Music Review: Sugar Ray & The Bluetones – Evening

So what does a young boy do when growing up in the small sleepy town of Stonington, Connecticut? He learns to sing and play the blues, of course.

Sugar Ray Norcia’s father was a voice teacher and his mother was a jazz singer. The apple didn’t fall very far from the tree as he quickly became an accomplished vocalist. He formed his first blues band in high school, Linseed Sam & The Oilers. Interestingly he spent time in Westerly, Rhode Island, where a decade or so before, Duke Robillard had developed his blues chops. He even served a stint as the vocalist in Robillard’s old band, Roomful Of Blues. I grew up in Rhode Island and have been to Westerly, but who knew it could provide the atmosphere to produce two of the better blues artists working today.

He formed his first version of Sugar Ray & The Bluetones in 1979 with guitarist Ronnie Earl. There have been a number of personnel changes through the years, and today the band consists of guitarist Mike Welch, drummer Neil Gouvin, bassist Michael Ward, and pianist Anthony Geraci. Sugar Ray provides his usual excellent vocals and harmonica play.

Their last release, 2007’s My Life, My Friend, My Music presented a full sound and used a horn section. Sugar Ray described it as a jump blues album. Their latest release, Evening, is a much more sparse affair as it includes only the band members.

Sugar Ray continues to write most of his own material as 9 of the 12 tracks are originals. The covers are Jimmy Young’s “I’m Having A Ball,” Otis Rush’s “You Know My Love,” and the title track which had been recorded by T-Bone Walker.

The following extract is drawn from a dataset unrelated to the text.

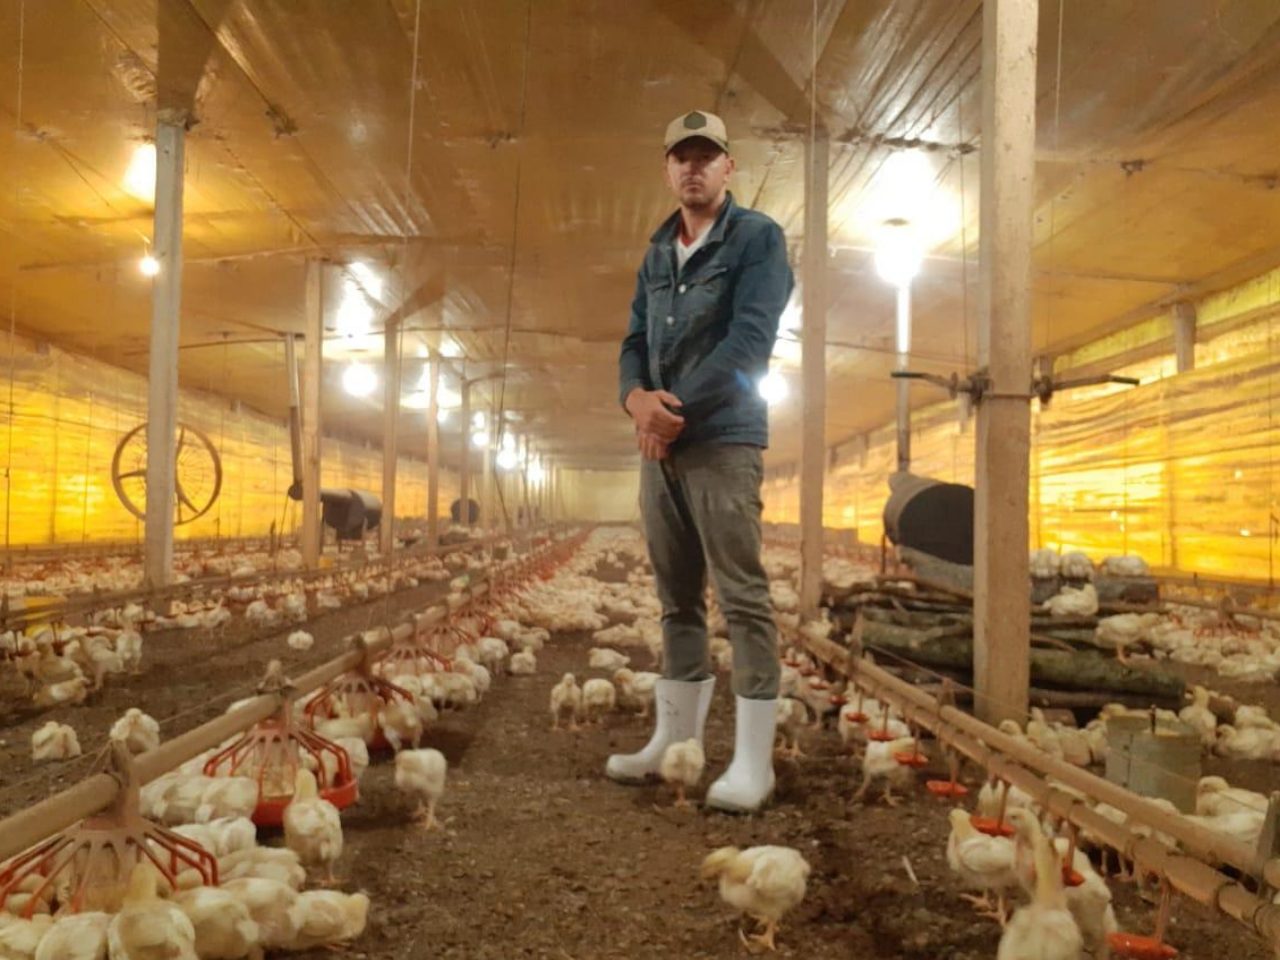 Nenhuma medida das autoridades tem abrangido os Agricultores Familiares que são responsáveis pelo alojamento dos frangos, estão expostos ao vírus e já sentem os prejuízos econômicos gerados pelo coronavírus

At this point in his career, Sugar Ray is not going to change musical direction or explore new styles. What he does do is cover the old ground well by producing excellent electric and smooth blues. He is one of the superior harmonica players alive today, and his solos are always creative and enhance the songs. The use of a harmonica as a lead instrument always gives the music a unique and different sound. His vocals fit the music well and his phrasing is first-rate. He is wise enough to share the stage with Welch and Geraci as their solos make the music better and certainly more textured and complex.

The music is a modern approach to the electric blues. From the opening “I’m Having A Ball” with its harmonica, piano, and guitar solos, to the slow blues of “Hard To Get Along With You,” to the relaxed “Dear John,” it is a nice ride through Sugar Ray’s upbeat musical approach.

A couple of the songs add some unique twists. “Too Many Rules and Regulations” is part talking blues which is a nice change of pace. Sugar Ray’s introductory use of a Native American flute on “Dancing Bear” was both beautiful and innovative.

Sugar Ray & The Bluetones have produced another exceptional blues album. Evening is a worthwhile way for any blues fan to spend an hour or so.